Nacida en una familia de medios modestos, en Asia Menor, hacia el año 248, Elena trabajaba en una posada. Un tribuno, nativo de Iliria, llamado Constancio, se sintió atraído por la calidad de la joven y se casó con ella. Elena acompañó a su esposo en todas las etapas de su carrera militar, a Alemania, a Inglaterra … La joven Constantino nació de su unión.

En el año 293, Constancio se convirtió en César en la Galia, Britania e Hispania. Fue entonces obligado, por la ley romana y la costumbre vigente en la época, a repudiar a Elena y casarse con la Princesa Teodora. Constantino fue criado por su madre en la corte de Nicomedia, en parte invitado, en parte rehén, pero más tarde se unió a su padre en Britania y lo ayudó en sus campañas militares. Cuando su padre murió, en el año 306, sus tropas lo llevaron al poder. En el año 312, su rival, Majencio, fue proclamado emperador de Roma. Constantino tomó el camino hacia la ciudad eterna y fue victorioso en el Puente Milvio, atribuyéndolo a una visión que había tenido tiempo atrás: una cruz en el cielo con las palabras: “Con este signo vencerás”. Constantino favoreció la difusión de la fe cristiana con la promulgación del Edicto de Milán, que puso fin a la persecución de los cristianos.

En el año 317, Constantino nombró a Elena “Augusta”, madre Emperatriz. Elena decidió peregrinar a los lugares santos. Al llegar a Jerusalén, destruyó el Templo de Venus que Adriano había construido en el Calvario. Durante la excavación, se descubrieron muchas cruces, una de las cuales fue identificada milagrosamente como la Cruz del Salvador. La madre del emperador colocó las primeras piedras de las basílicas deseadas por Constantino: la Iglesia del Calvario y el Santo Sepulcro, la Iglesia de la Ascensión en el Monte de los Olivos, la Iglesia de la Gruta de Belén.

Elena murió en Constantinopla, junto a su hijo. Su cuerpo fue llevado a Roma. Constantino decidió transformar su residencia en una iglesia, la Basílica de Santa Cruz en Jerusalén. Hacia el año 840, un monje llamado Theutgise robó una parte de los restos de la santa y los llevó a la Abadía Benedictina de Hautvillers, donde fueron colocados en un relicario detrás del altar. Concedidas las oraciones del Arzobispo de Reims, el Papa aprobó su traslado. Rica en numerosas reliquias, la Abadía ha honrado a Santa Elena a lo largo de los siglos. 

En el aniversario de su muerte, el 18 de agosto, y en la fiesta de la Santa Cruz, se celebra un solemne oficio de la santa, seguido de una procesión donde, con gran fervor, muchos peregrinos imploran la intercesión de Santa Elena para recibir sanación.

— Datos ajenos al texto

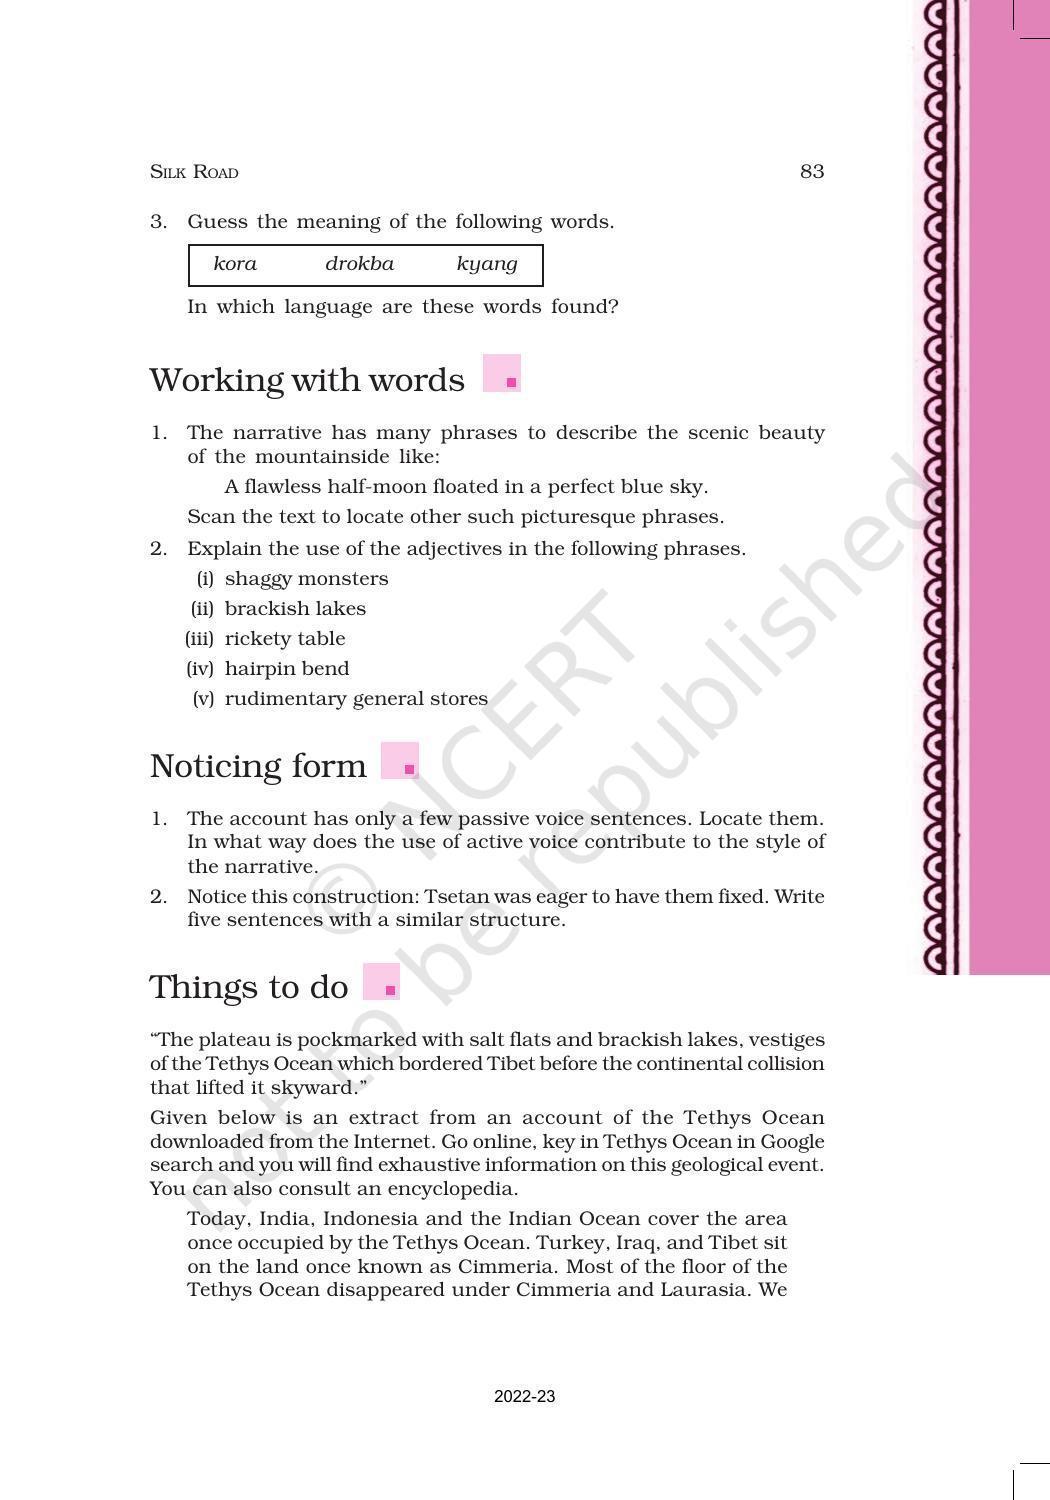 NCERT Book for Class 11 English Hornbill Chapter 8 Silk Road - Page 10

Durante la Revolución Francesa, Dom Jean-Baptiste Grossard salvó las reliquias de Santa Elena, que en 1820 fueron colocadas en la iglesia de Saint-Leu-Saint-Gilles en París, la Iglesia Capitular de la Orden del Santo Sepulcro en Francia. Hoy son objeto de culto ecuménico para los fieles católicos y ortodoxos que vienen en peregrinación para invocar a quien tanto amó la Tierra Santa.